The Moment of Truth: Validating Async Deallocation in a Groth16 Proving Pipeline

Message Overview

The subject message (msg id=1269) is a single bash command that starts the cuzk-daemon process to test a critical optimization: asynchronous deallocation of large GPU-side and Rust-side memory buffers. On the surface, it is mundane — a nohup daemon launch with environment variables and a sleep. But in context, this message represents the culmination of a deep diagnostic journey that uncovered a hidden 10-second destructor overhead, traced it through two language boundaries (Rust and C++), and eliminated it with a clever thread-based deferral technique. The result, revealed in the following messages, was a 13.2% end-to-end throughput improvement, reducing total proof time from 88.9s to 77.2s.

The Problem: A Phantom GPU Regression

The story begins with a puzzle. The assistant had just implemented Boolean::add_to_lc and sub_from_lc methods to eliminate temporary LinearCombination allocations during circuit synthesis (msg 1249). Microbenchmarks showed synthesis time dropping from ~55.4s to ~50.9s — an 8.3% improvement. However, when the assistant ran a full end-to-end (E2E) proof to validate the change, the results were confusing. The total time was 87.5s, and while synthesis had indeed improved (51.2s), the GPU wrapper time had regressed from ~34s to 36.0s. The CUDA internal timing, however, was stable at ~26s. Something between the CUDA kernel returning and the Rust caller measuring the elapsed time was consuming an extra 10 seconds.

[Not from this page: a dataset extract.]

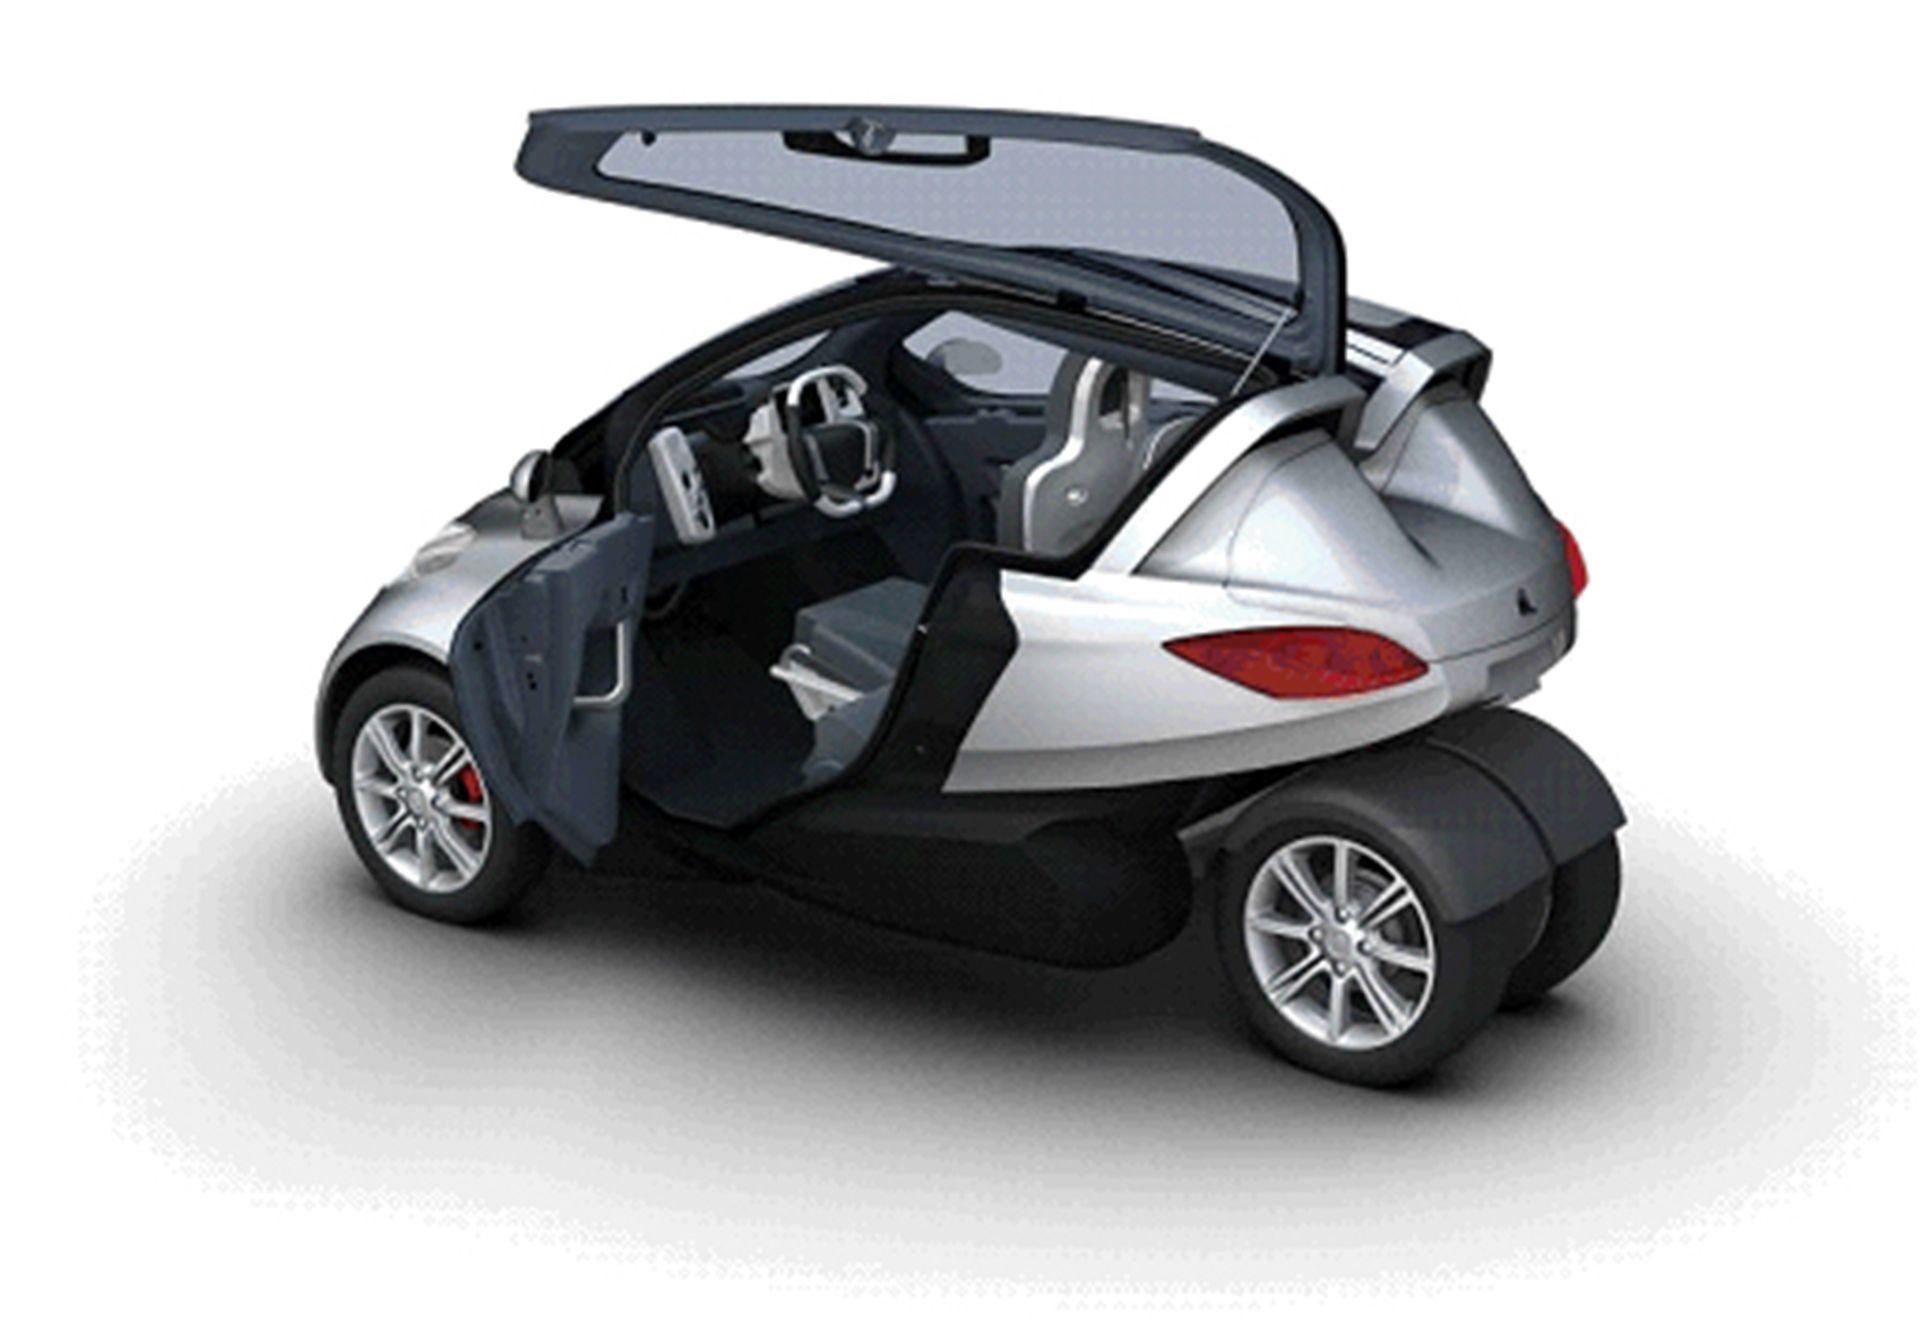 PSA Peugeot Citroën presents its light city electric
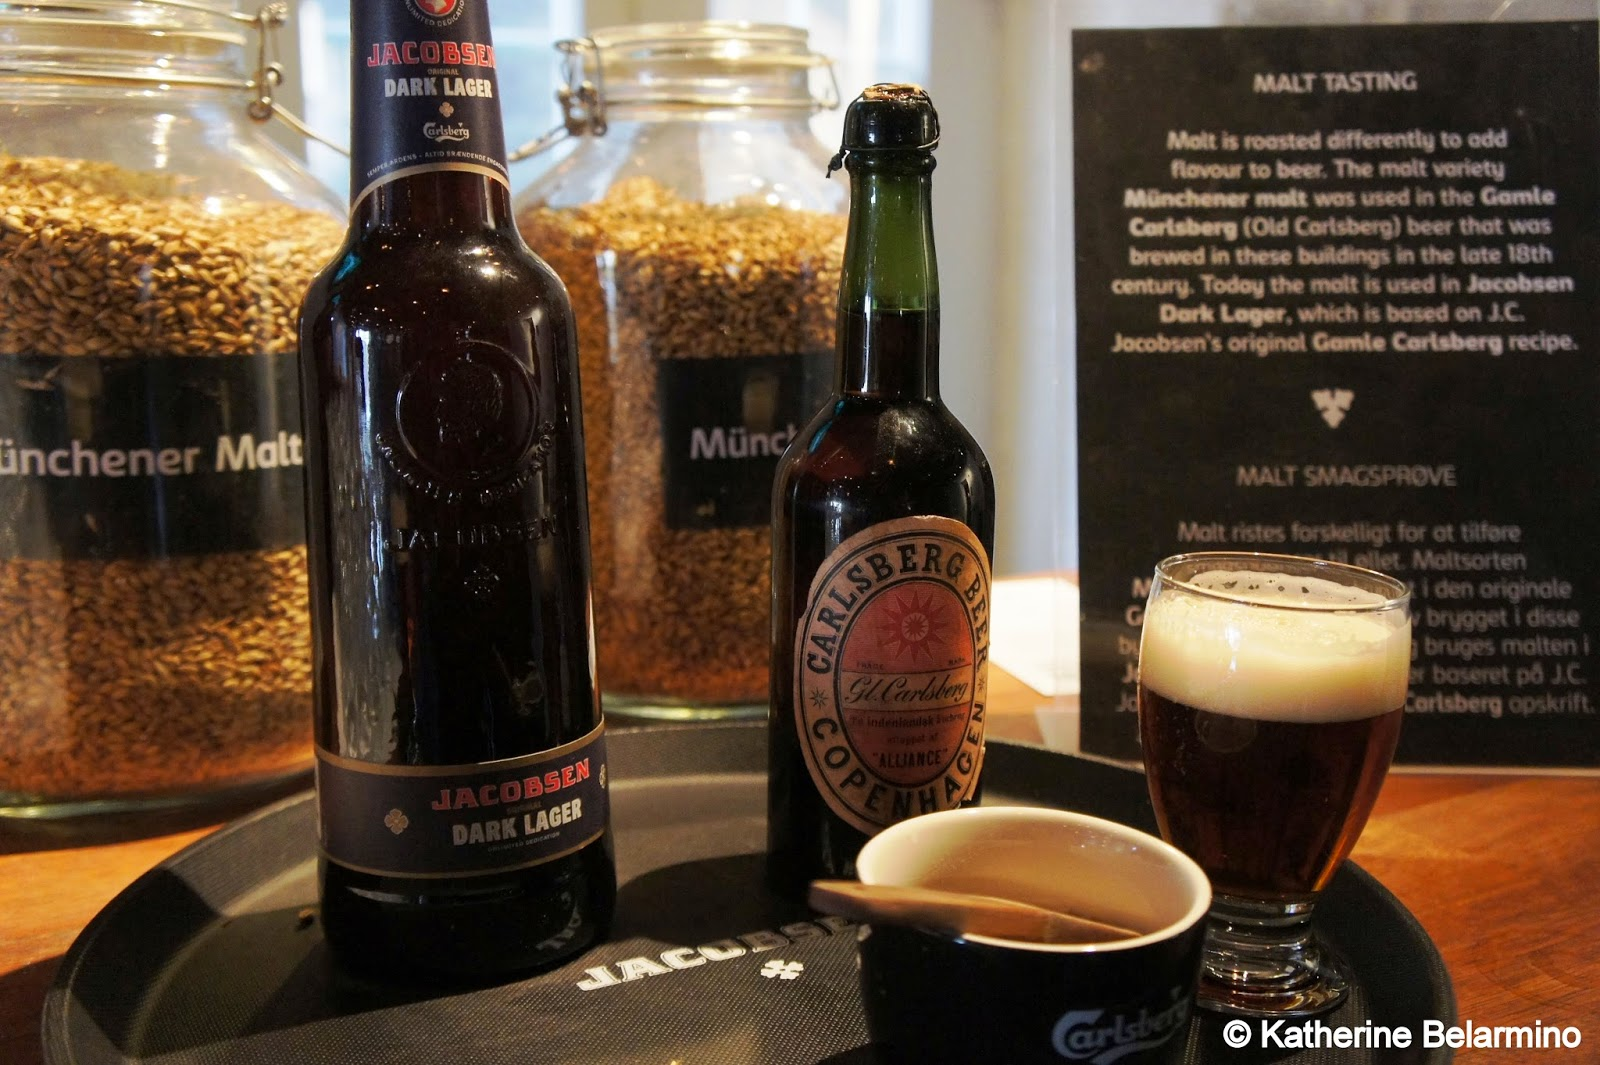 Carlsberg 1854 Recipe Beer Carlsberg Brewery Copenhagen Denmark

This is the kind of bug that can derail an optimization effort. The assistant could have dismissed it as noise, or worse, concluded that the synthesis optimization somehow harmed GPU performance. Instead, the assistant recognized that the gap between the CUDA internal timer (pre_destructor_ms = 26.1s) and the Rust-side bellperson timer (36.2s) pointed to destructor overhead. The key insight came from instrumenting the C++ function with a pre_destructor_ms timestamp taken just before return ret — the 10-second gap was the time spent in implicit destructors freeing ~37 GB of C++ heap memory (split_vectors, tail_msm_*_bases) after the function returned.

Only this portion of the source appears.